• _Problem requirements_: Please count the lines of the data that contain "Your" and state only the total.

• _Source records_:
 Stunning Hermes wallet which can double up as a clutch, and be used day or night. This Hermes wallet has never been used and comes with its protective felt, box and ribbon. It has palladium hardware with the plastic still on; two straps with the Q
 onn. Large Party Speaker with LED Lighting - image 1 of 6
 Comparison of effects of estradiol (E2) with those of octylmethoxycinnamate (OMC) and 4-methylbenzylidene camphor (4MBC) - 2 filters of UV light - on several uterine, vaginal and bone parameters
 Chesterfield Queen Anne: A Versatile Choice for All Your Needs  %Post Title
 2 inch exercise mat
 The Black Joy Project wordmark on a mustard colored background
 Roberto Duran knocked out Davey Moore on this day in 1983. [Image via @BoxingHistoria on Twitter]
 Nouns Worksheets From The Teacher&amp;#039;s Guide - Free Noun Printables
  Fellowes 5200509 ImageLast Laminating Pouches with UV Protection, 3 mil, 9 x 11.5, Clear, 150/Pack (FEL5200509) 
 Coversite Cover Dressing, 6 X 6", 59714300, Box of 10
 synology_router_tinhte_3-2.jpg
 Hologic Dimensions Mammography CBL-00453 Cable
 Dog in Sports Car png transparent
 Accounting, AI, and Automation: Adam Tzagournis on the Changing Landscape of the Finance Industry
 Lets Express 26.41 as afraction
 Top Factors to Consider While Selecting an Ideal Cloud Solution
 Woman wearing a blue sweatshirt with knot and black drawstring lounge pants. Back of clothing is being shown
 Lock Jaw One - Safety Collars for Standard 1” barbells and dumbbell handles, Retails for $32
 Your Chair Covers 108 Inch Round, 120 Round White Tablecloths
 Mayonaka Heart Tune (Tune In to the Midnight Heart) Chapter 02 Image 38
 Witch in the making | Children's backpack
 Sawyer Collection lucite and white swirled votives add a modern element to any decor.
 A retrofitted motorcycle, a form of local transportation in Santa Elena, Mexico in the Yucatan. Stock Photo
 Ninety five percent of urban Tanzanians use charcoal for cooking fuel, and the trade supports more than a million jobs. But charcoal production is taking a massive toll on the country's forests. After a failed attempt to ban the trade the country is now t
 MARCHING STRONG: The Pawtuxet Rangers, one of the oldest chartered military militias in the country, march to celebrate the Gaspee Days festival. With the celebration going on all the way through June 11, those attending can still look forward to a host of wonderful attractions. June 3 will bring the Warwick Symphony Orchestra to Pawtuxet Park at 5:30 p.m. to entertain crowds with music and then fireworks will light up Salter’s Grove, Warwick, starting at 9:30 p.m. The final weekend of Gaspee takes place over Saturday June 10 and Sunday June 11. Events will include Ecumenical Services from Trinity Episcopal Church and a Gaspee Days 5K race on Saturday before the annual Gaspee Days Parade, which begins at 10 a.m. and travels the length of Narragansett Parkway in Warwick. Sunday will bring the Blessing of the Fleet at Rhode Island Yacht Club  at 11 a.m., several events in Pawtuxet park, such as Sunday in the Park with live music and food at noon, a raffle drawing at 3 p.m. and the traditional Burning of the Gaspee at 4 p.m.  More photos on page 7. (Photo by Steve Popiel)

• _Exercise answer_: 2